Mayfair Global no tenía ramas energéticas, así que este sector de renovables me tenía medio perdida entre siglas raras y terminología técnica.
Y encima, el Singlish me tenía confundida más de una vez.
Como cuando alguien dijo que el proyecto tenía que hacerse “chop chop”, y yo pensando que eso significaba cancelarlo, no lo contrario.
Kai rió.
“Sí, también hablan rapidísimo.
Pero uno se acostumbra.
Si crees que el Singlish es complicado, deberías escuchar a alguien de Glasgow.”
Sonreí.
Kai miró de reojo hacia el bar, luego se inclinó un poco y me susurró: “Jaclyn hoy parece otra persona, ¿no?”
“Totalmente.
Sabe separar el trabajo de lo personal, bien por ella.”
Jaclyn estuvo en todas las reuniones con la cara de póker bien puesta.

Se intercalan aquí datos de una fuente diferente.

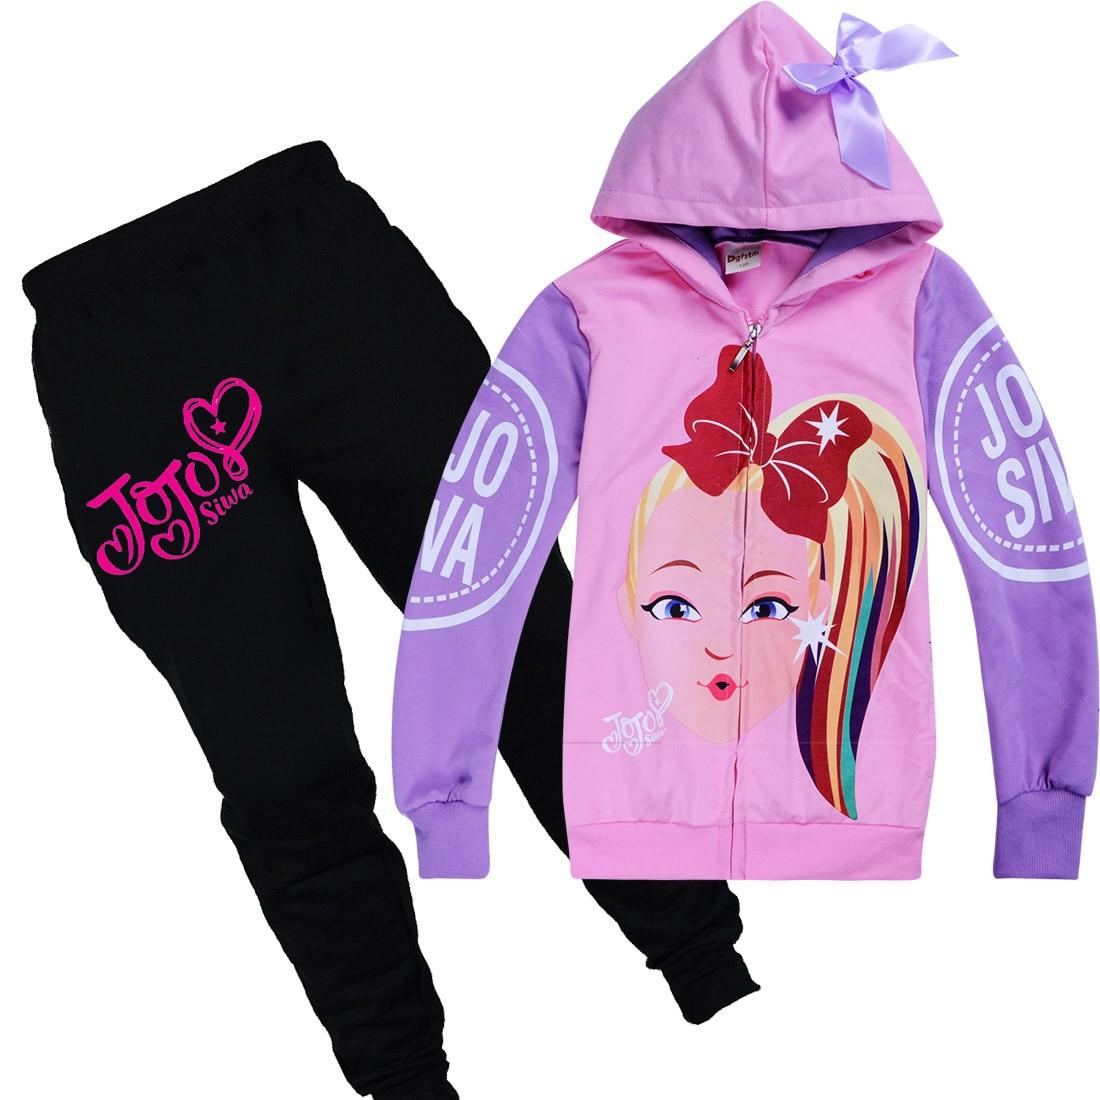 Jojo Siwa Girls Hooded Hoodies Casual Cartoon  Kids SweatShirts+Pants Outfits

Igual, mi radar me decía que su atención estaba más en Lochlan que en los gráficos.
Kai asintió.
“Solo espero que no nos crucemos con otra ex del jefe en la próxima parada.”
Lo miré, con ganas de preguntarle si lo que él dijo sobre la historia entre Lochlan y Jaclyn era cierto, pero me aguanté.
Eso implicaba contarle todo lo que Lochlan me confesó.
Kai empujó uno de los dos vasos que el mozo dejó en la mesa.
“Este es para ti.”
“Gracias.
¿Qué es?”
“Se llama Bedtime Orchid.
Mocktail de manzanilla con lavanda.
Ideal para dormir bien.” Señaló mis ojos.
“Seguís con ojeras.
¿Seguís trasnochando?”
“Sí.
Tengo mucho que estudiar.” Pasar de Mayfair Global a Velos Capital fue como tirarse al mar sin flotador.
Me falta mucho por aprender.
Hablando de eso…
Saqué mi tablet de trabajo.
“Quería preguntarte algo.”
“Dispara.”
“Es sobre la fábrica ESS.
La que produce las VRFBs.”
—Las Vanadium Redox Flow Batteries, que son lo último en almacenamiento de energía a gran escala.
“¿Qué pasa con ella?”
“Revisé los registros de nómina y asistencia rápidamente.” Le mostré los datos.
“¿Y?”
“No estoy segura, pero algo no cuadra.
La nómina y las asistencias coinciden, sí, pero en el conteo real diario en planta, siempre hay dos personas menos.
Todos los días.”
“¿En serio?” Kai revisó los archivos.
Tardó segundos en verlo.
Frunció el ceño.
“Sí.
Faltan dos personas.”
Nos miramos, comprendiendo sin decirlo.
Era bastante obvio.
Si en la nómina figuran 148 personas, pero solo 146 aparecen cada día y aún así pagan a las 148, solo podía significar una cosa.
“Alguien está haciendo trampa”, dijo Kai.